Bien que cette expérience ait eu lieu à basse altitude (4.600 m) et bien que le cobaye avait pris la précaution d’augmenter volontairement le débit d’oxygène en passant sur la position F5, son taux de saturation s’est écroulé de 97 % à 89 % et le rythme cardiaque est passé de 60 à 120 bpm. En d’autres termes, répéter la même opération à 8.000 m dans les mêmes conditions pourrait signifier une perte de connaissance.

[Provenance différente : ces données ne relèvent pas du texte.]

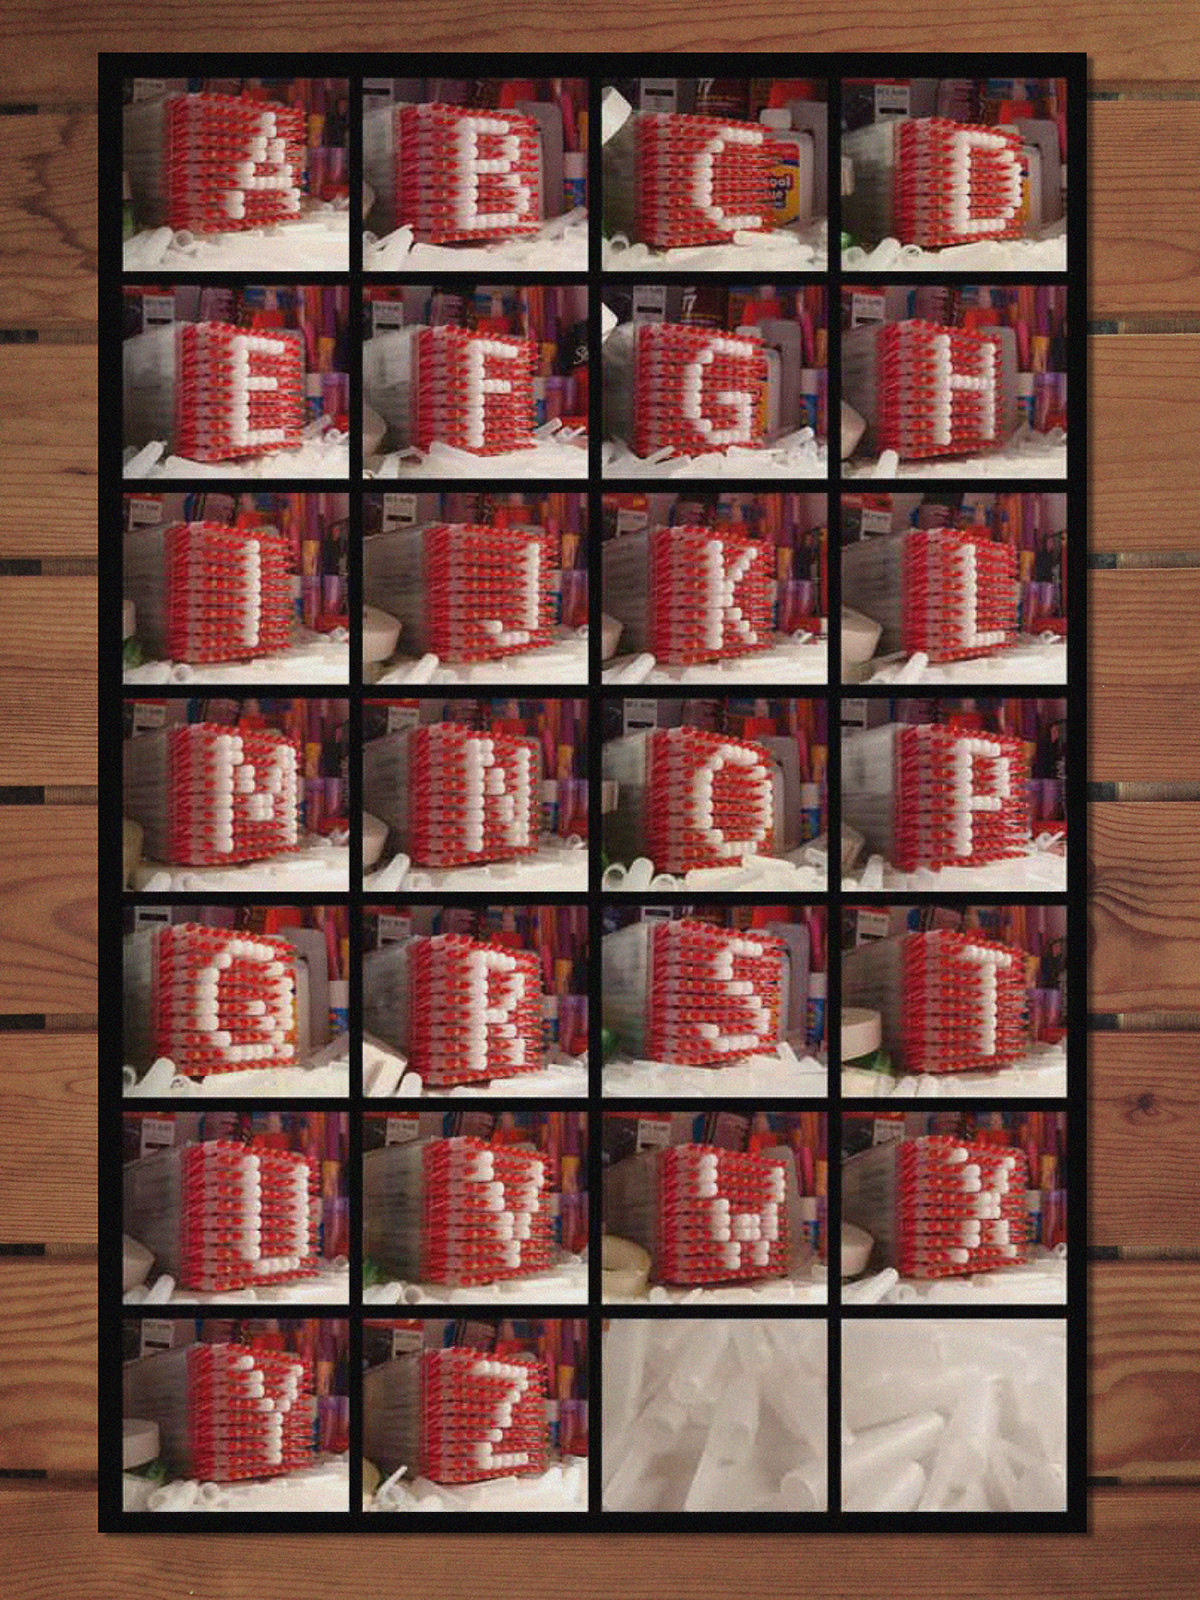 type pens photos alphabet DotMatrix

Un résultat tout aussi équivalent est obtenu en faisant pipi lorsque l’on doit faire un effort, soit pour cause d’une position trop assise soit pour des problèmes prostatiques. J’ai vécu l’expérience d’un pilote en place arrière qui, bien qu’ayant conservé les yeux ouverts et une certaine mobilité de la tête (avoir toujours un miroir avec soi!), s’est trouvé totalement incapable de prononcer le moindre mot pendant plus d’une demi-heure, m’obligeant à me dérouter vers un aéroport alternatif. Après avoir réussi à lui faire passer l’EDS sur R/M et être redescendu à 6.000 m, il a pu reprendre ses sens et nous sommes rentrés tranquillement à la maison. En monoplace, il aurait risqué sa vie.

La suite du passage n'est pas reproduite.